実家に帰って、両親が亡くなって、色んな手続きがだいたい終わって、家の整理もあらかた済んで、裏庭の方も必死で草刈りしなくていい程度まで手を入れて、やっとある程度日常と呼べるような生活になったのはここ数年ってとこかな。
で、多少落ち着いたので、気が向いた折々に実家に今でも残っている昔の雑誌なんかをぱらぱらするのが結構楽しい。
中でも思春期の頃に読んでいたレシピ本は、あの頃の夢が思い出されて、とても楽しい。
自分で、ケーキやクッキーを作る事が出来ると知った時の驚き。

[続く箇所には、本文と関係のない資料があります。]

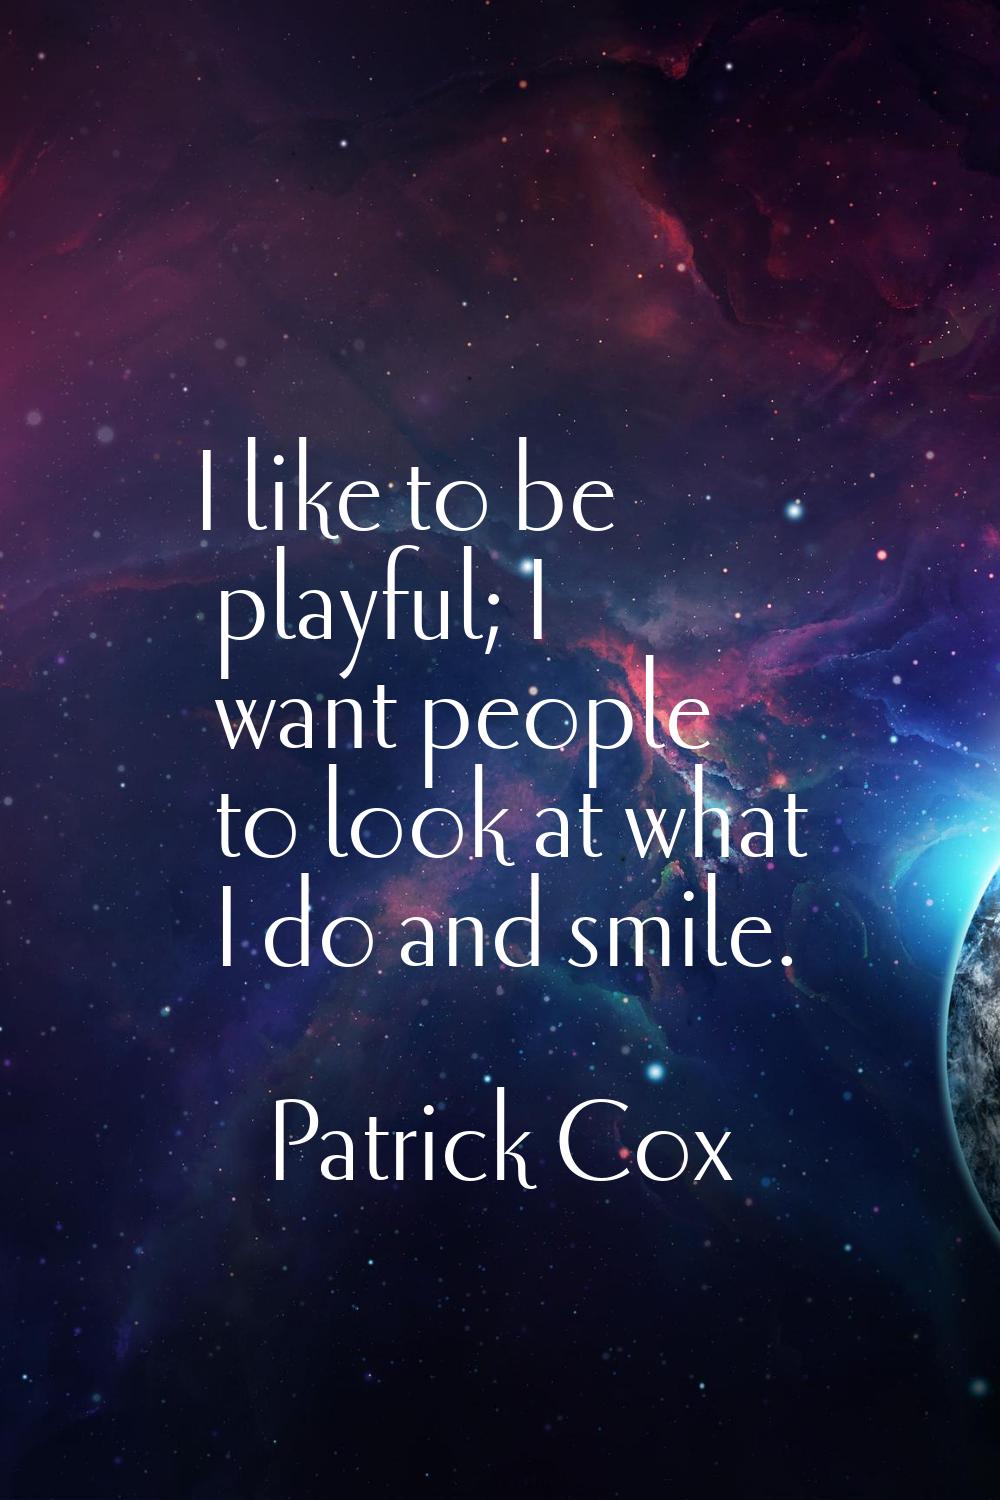 I like to be playful; I want people to look at what I do and smile.

本の写真のそれまで見た事も聞いたこともないようなお菓子が、ただ見るだけじゃなしに実際に作れるなんて夢みたいすぎる!
ザッハトルテというドイツのチョコレートのお菓子があるらしいとか、プチ・フールというのは色々な小さなケーキの事だとか、あんずジャムと言うジャムがあってそれはパウンドケーキの仕上げで使うらしい。

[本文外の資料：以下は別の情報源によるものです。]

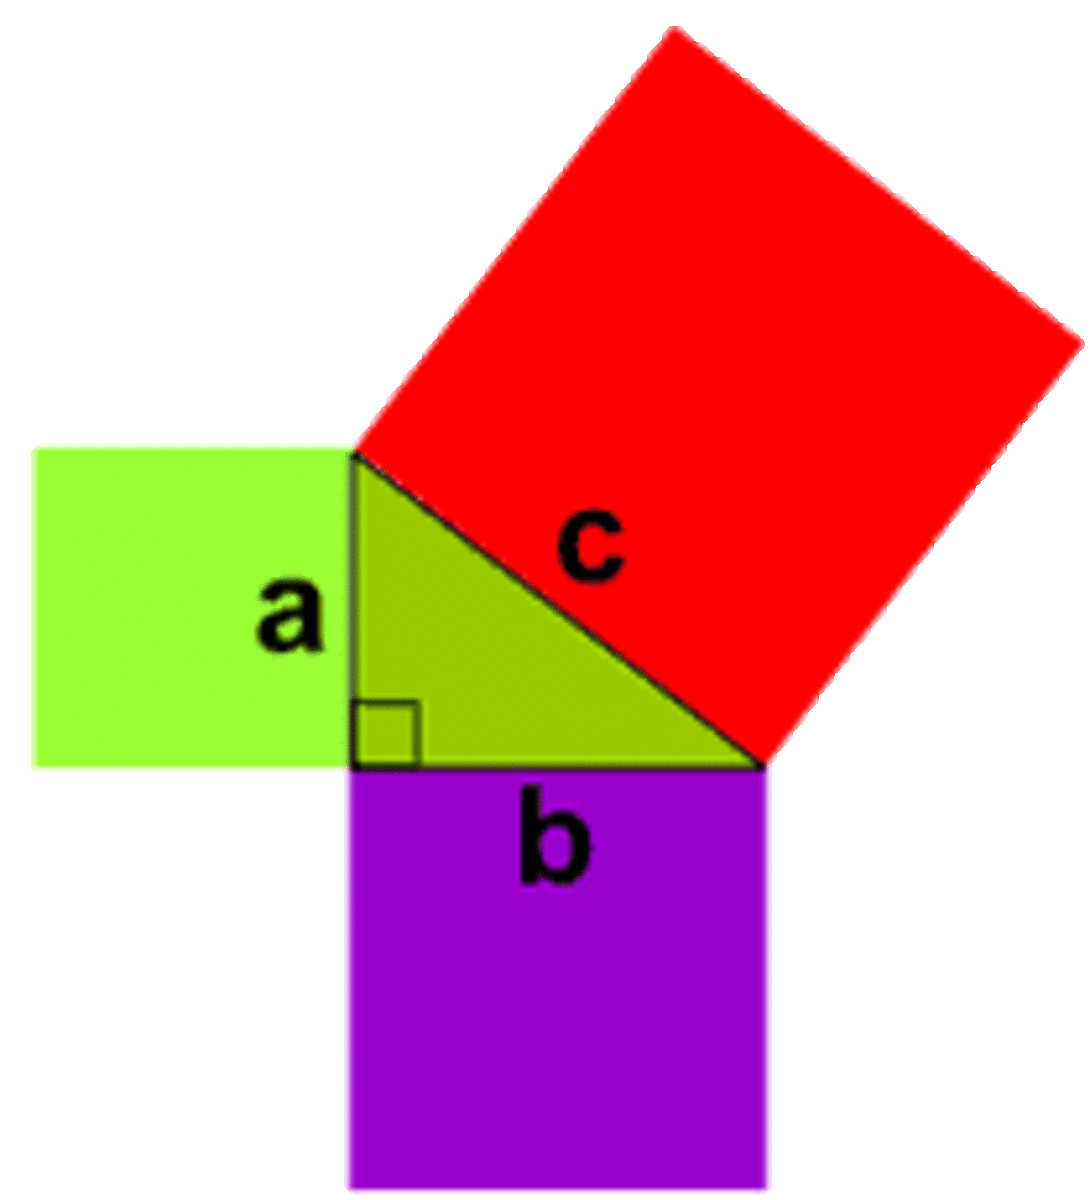 hands-on-math-using-the-pythagorean-theorem

と、懐かしい気持ちで眺めているうちに、いっちょこれを作るかーと思い立って、さっそくやり始めたら、途中でげっ、となった。
読みながら順番に作って行くと段取りがとても悪いのだ。
あーそうだった、レシピ本ってそんなんだった、と、再び当時の事を思い出した。
レシピ本に限らないんじゃないかと、あの頃の料理番組でよくあった「あらかじめ用意しておきました○○を加え」ってフレーズも思い出した。

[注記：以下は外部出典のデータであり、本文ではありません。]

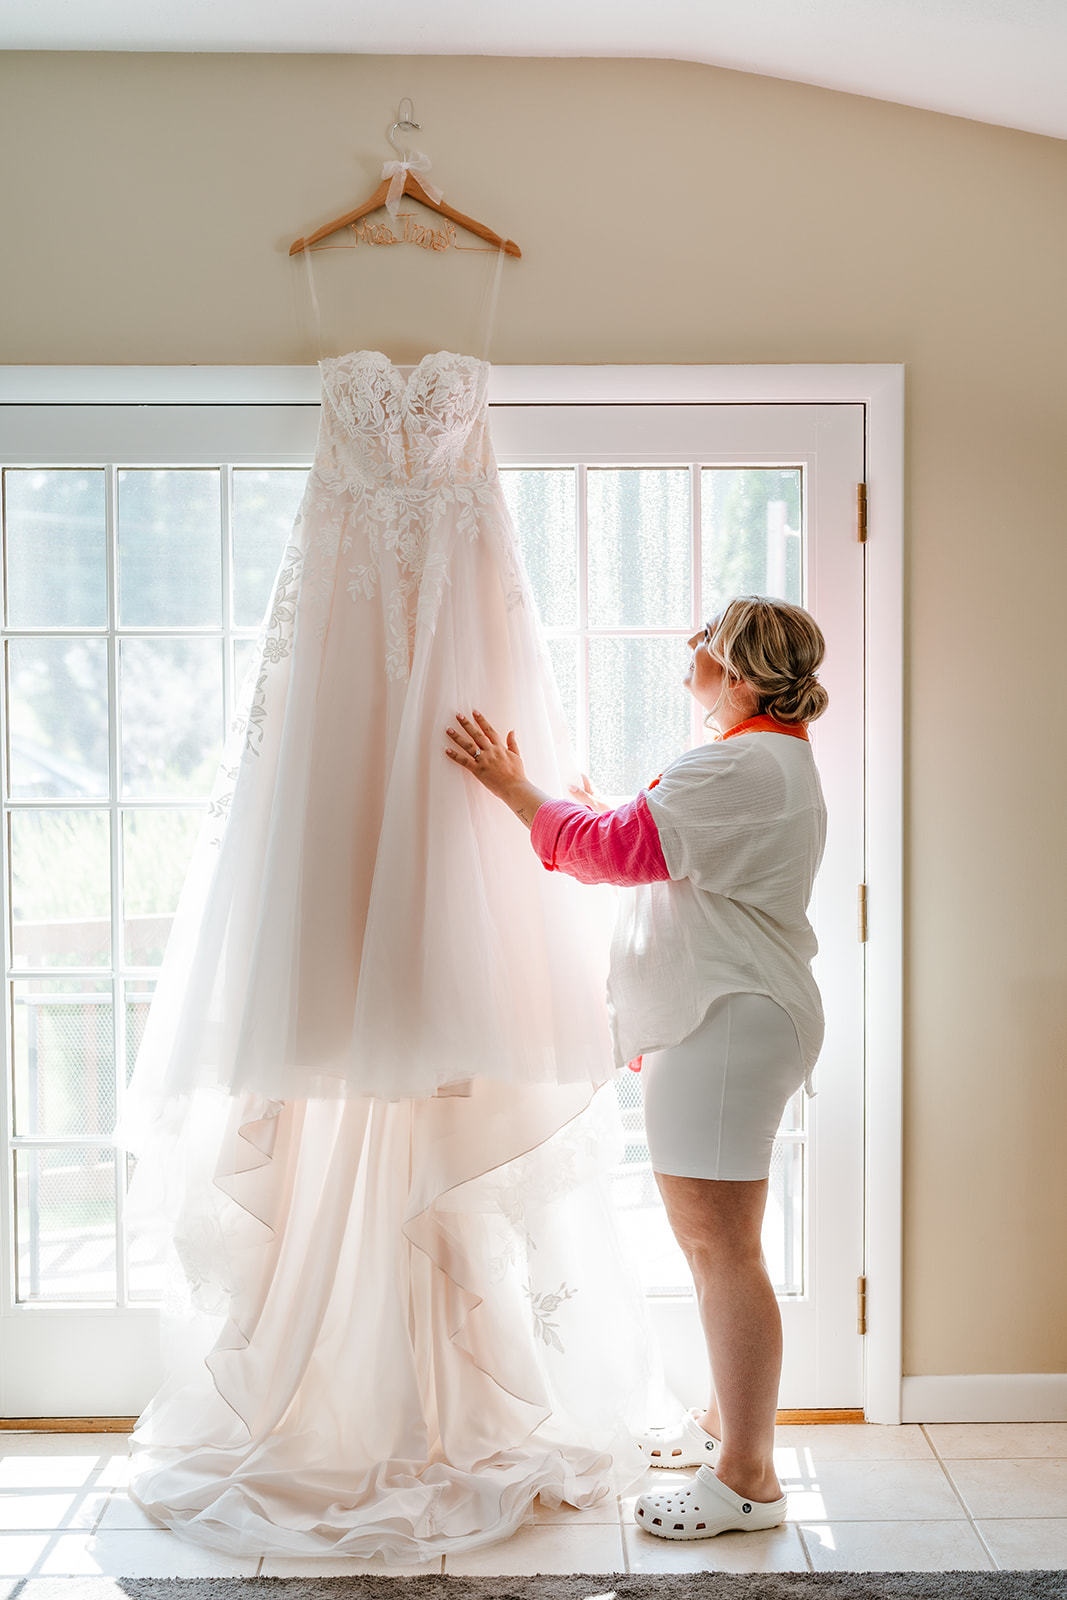 A woman in a white robe stands on tiptoe and reaches out to touch a white wedding dress hanging in front of a window in a well-lit room.

あらかじめ、が順番の途中に割り込んでくるので、読みながら順番に作って行くとてんやわんやになってしまうので、当時の私は、本を見ながら何かを作ろうと思うと、まず本を熟読して、段取りをシミュレートした上で、必要な材料と道具を全て使う順番に並べてから取り掛かるようにしていた。
当時は、レシピ本とはそんなものなのだと思って、本を読んで何かを作る時は必ずそうしていた。
最近のネットで紹介されるレシピは、例えばオーブンを予熱する場合でも、どんなタイミングで余熱を始めるのが好ましいのか、みたいな事も明記している上に、動画まである。
昔は情報の非対称がすごかったから、こっちが本に合わせに行くしかなかったんだけど、今は簡単に調べられる上に、比較もしやすい。
昔のレシピ本には、これ文章書いたのは作った人じゃなかったんだろうな、と思える記述も沢山あって、ひでえなあと思いつつも、それが通用するようなのんびりした時代だったんだよな、とも思う。